Tales From the Neutral Ground; Martha Banks
A recollection of the “Neutral Ground” as told by my fifth-great-grandmother Martha Banks in 1851, during an interview with Judge James MacLean MacDonald.
(What were the McDonald Papers? According to the Westchester County Historic Society, “The McDonald Papers are comprised of over 1000 pages of reminiscences about the American Revolution. Compiled between 1844 and 1851, they record the interviews of 241 elderly men and women who had been living in Westchester County during the war. This valuable resource was the work of Judge James MacLean Macdonald, a Westchester attorney who, because of illness, had to give up his law practice. Although he was partially paralyzed, he determined to record the recollections of the war of the remaining people in the county who had lived through it. The result of Macdonald’s efforts is a rich and personal picture of the hardships of Westchester residents, living in the “Neutral Ground” between 1776 and 1783.
When Macdonald completed the interviews, he wrote a series of lectures which were delivered in 1855 at meetings of the New-York Historical Society. These lectures were published by WCHS in 1927 in two volumes titled The McDonald Papers. Although he spelled his name Macdonald, the interviews have always been known as the McDonald Papers.”)
November 4th, 1851, Martha, wife of James Lyon, before mentioned, and daughter of John Banks of Middle Patent:
I am 88, one year only older than my husband. Once towards the close of the war, early about daylight of a Sunday morning in the fall, I think, Colonel Holmes, at the head of a party of Refugees came to my father’s house in the Middle Patent. Father had been guarding the cattle all night. (They were for safety kept in the yard, where they could be seen.)
The first we knew they broke and cut the windows with their swords. My father was abed with the curtains drawn. They surrounded the house and forced the doors, and demanded all our money. My father gave them his pocket book which contained only one dollar. They demanded more. Father said that was all he had.
A gentleman now spoke: “How d’e do, Mr. Banks?”
“I don’t know who you are,” said Father, much frightened and trembling like a leaf.
“What! Don’t you know an old neighbor?!”
“No,” said my father, “I don’t recollect you.”

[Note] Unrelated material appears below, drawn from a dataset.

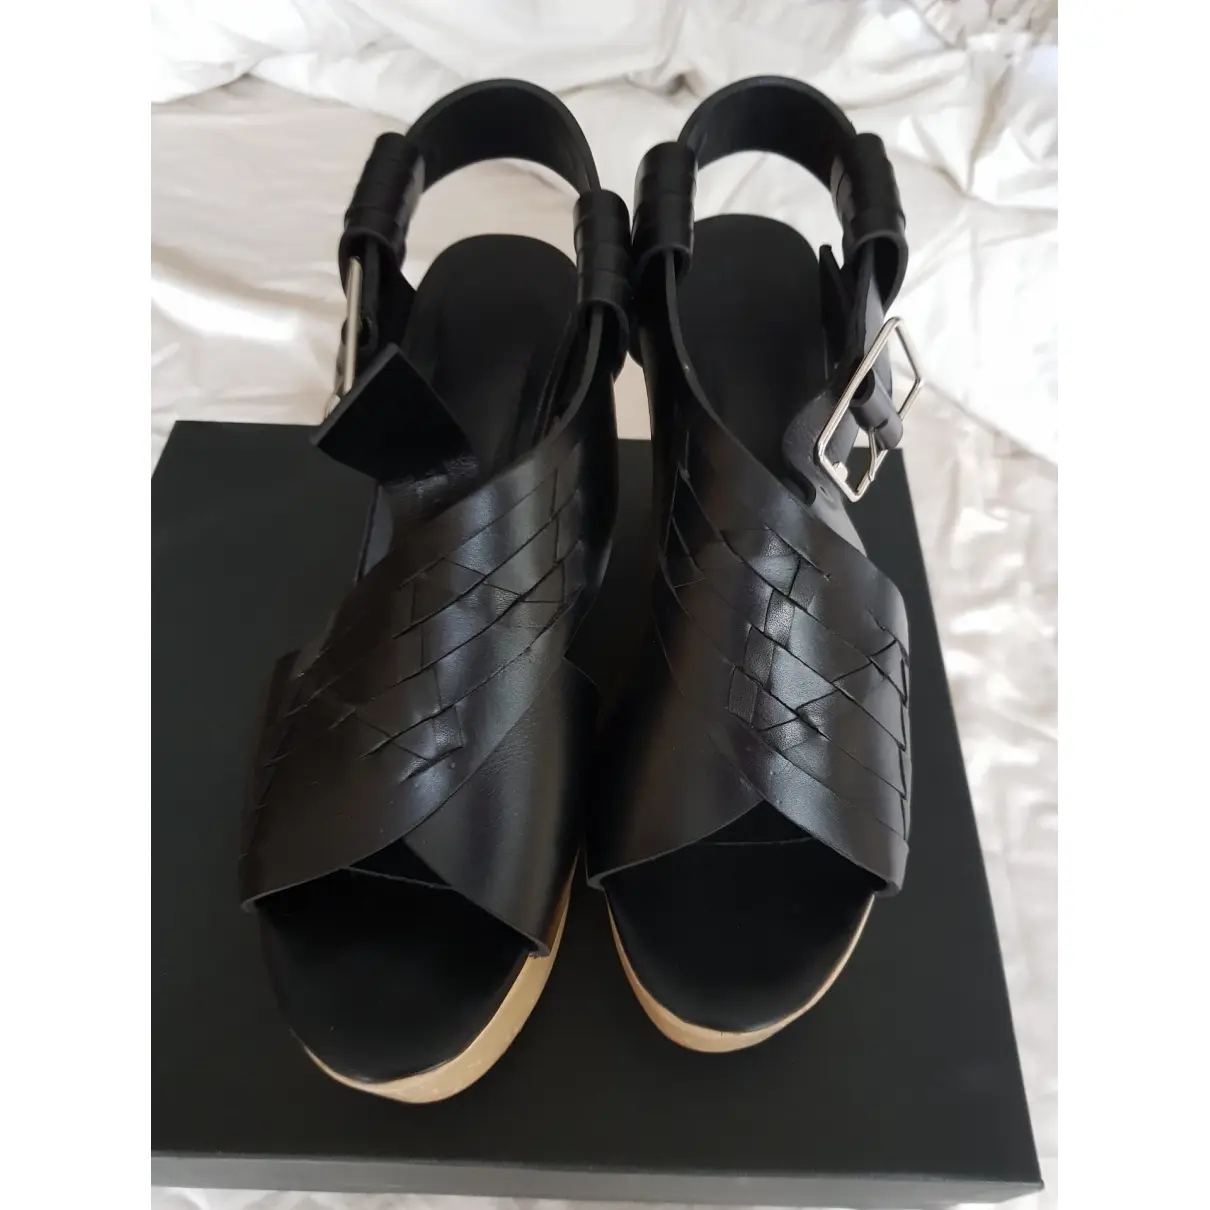 Thakoon Addition Leather sandals for sale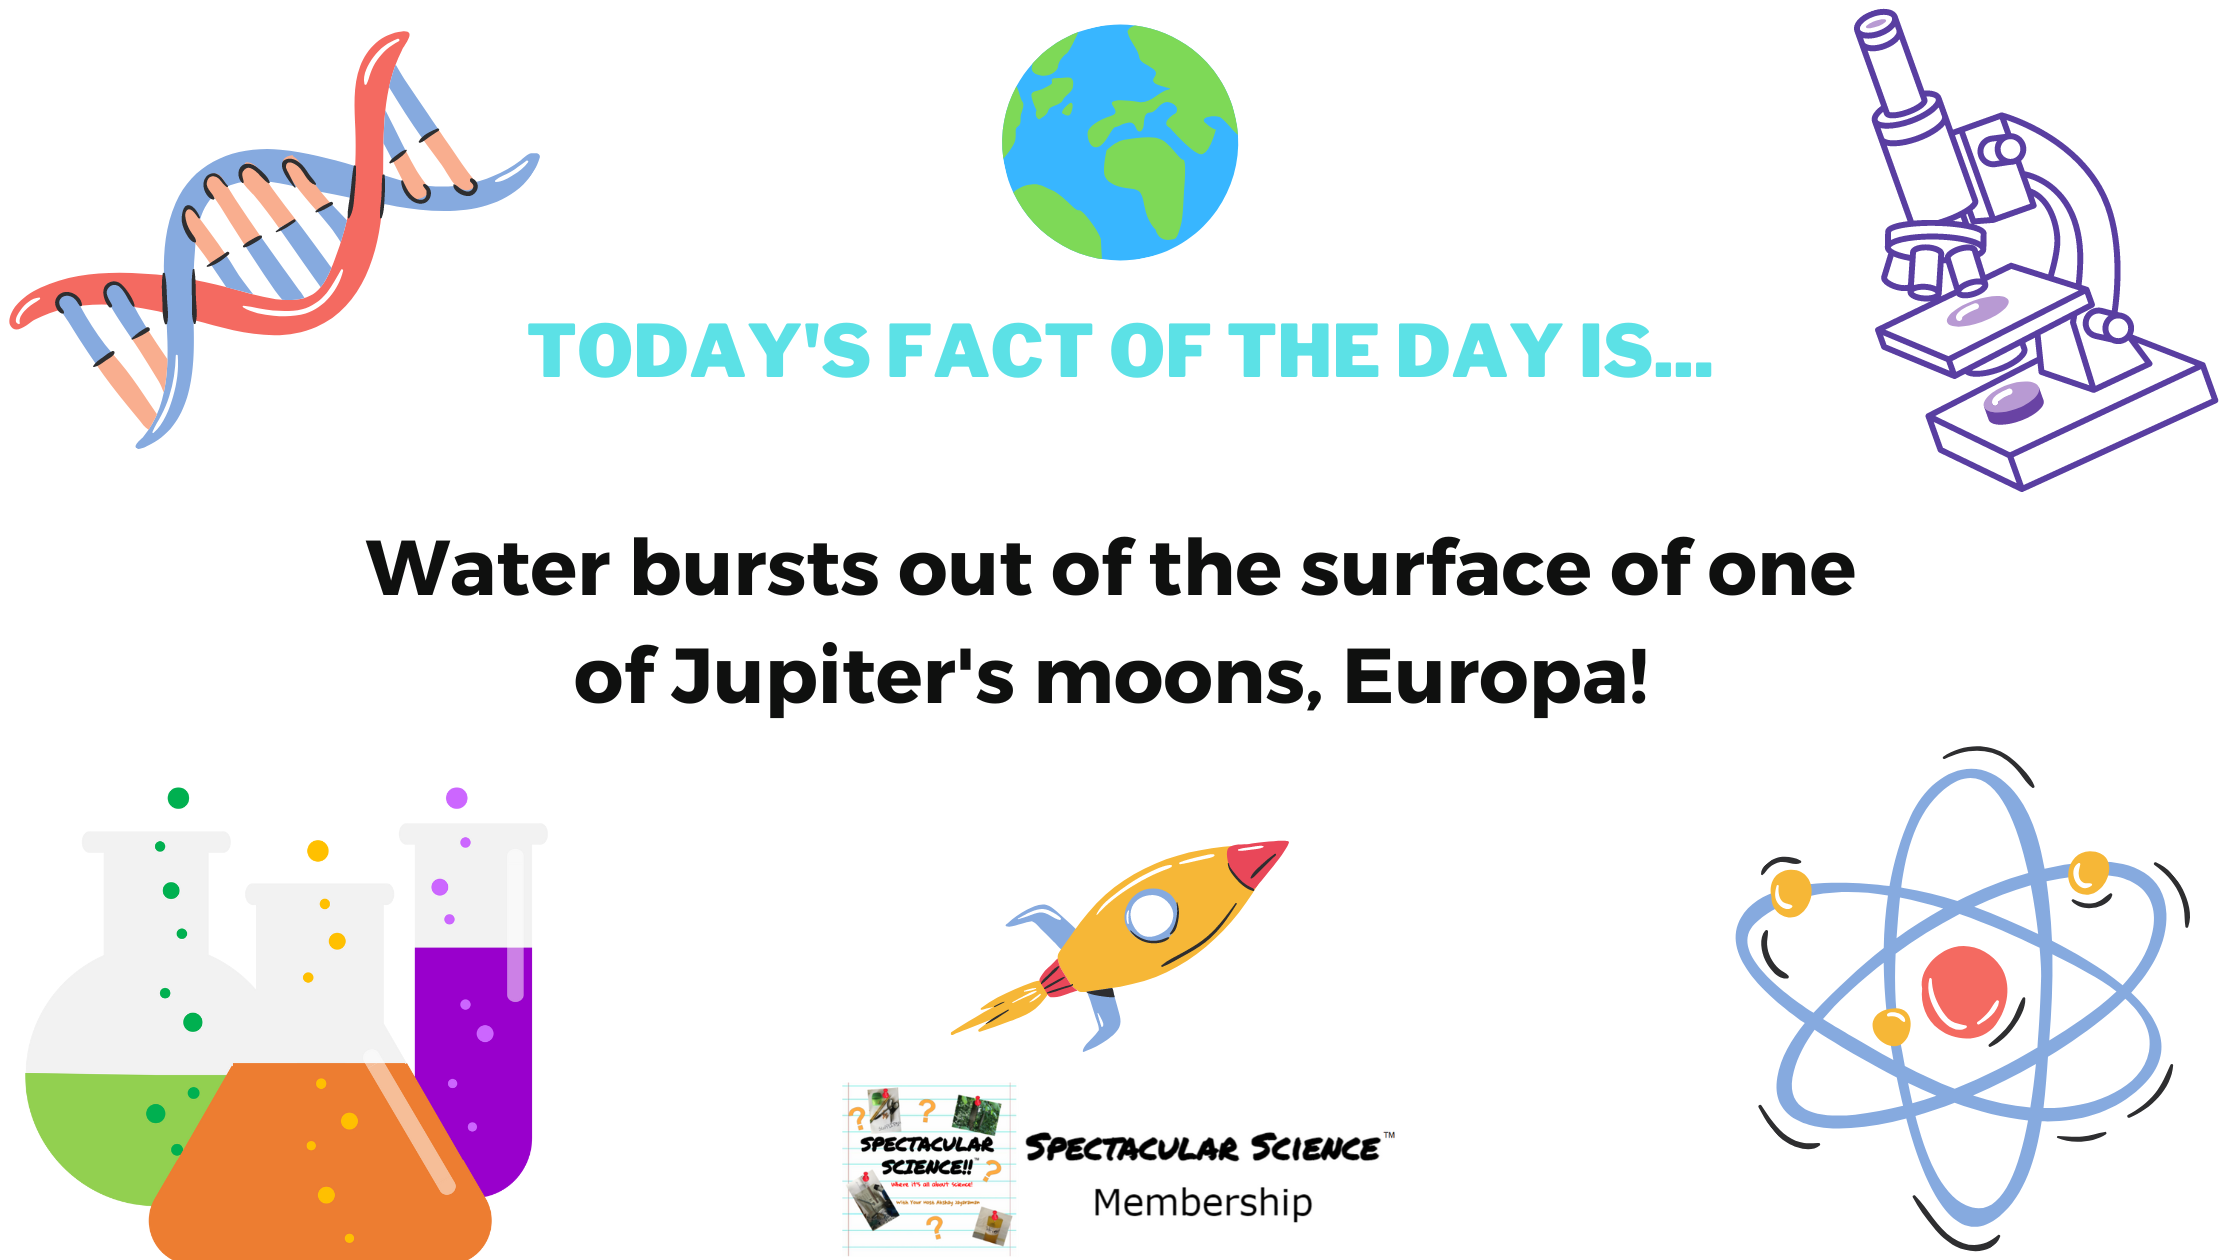 Fact of the Day Image June 27th

“I am Colonel Holmes,” replied the stranger.
I heard one of the men say, “Give up your money, or you are a dead man.”
My father then reasoned with and shamed Colonel Holmes for allowing an old acquaintance to be robbed. Holmes replied, “That is the usage of war.”
I ran into the room in my night dress, and knocked up the muzzle of a gun pointed at my father’s breast. They took off all our bed clothes and took most of our other clothes, which we never got back again.
They inquired for my brothers and took one of them a prisoner. Then they inquired for the other brothers. I told them the others had gone to Bedford for a force to take them. They then left my father’s in a hurry and retreated. A few plunderers remained behind to take off what remained of our clothes. My brother Samuel (a Lieutenant) was concealed between two beds and suffocated almost. He at last got his gun and went out and fired at them. This alarmed them, and an officer came back and struck the plunderers with the flat of his sword and made them give up the plunder. They took off all our cattle, but when my brother fired at them they abandoned the cattle. They they took the road towards Stanwich.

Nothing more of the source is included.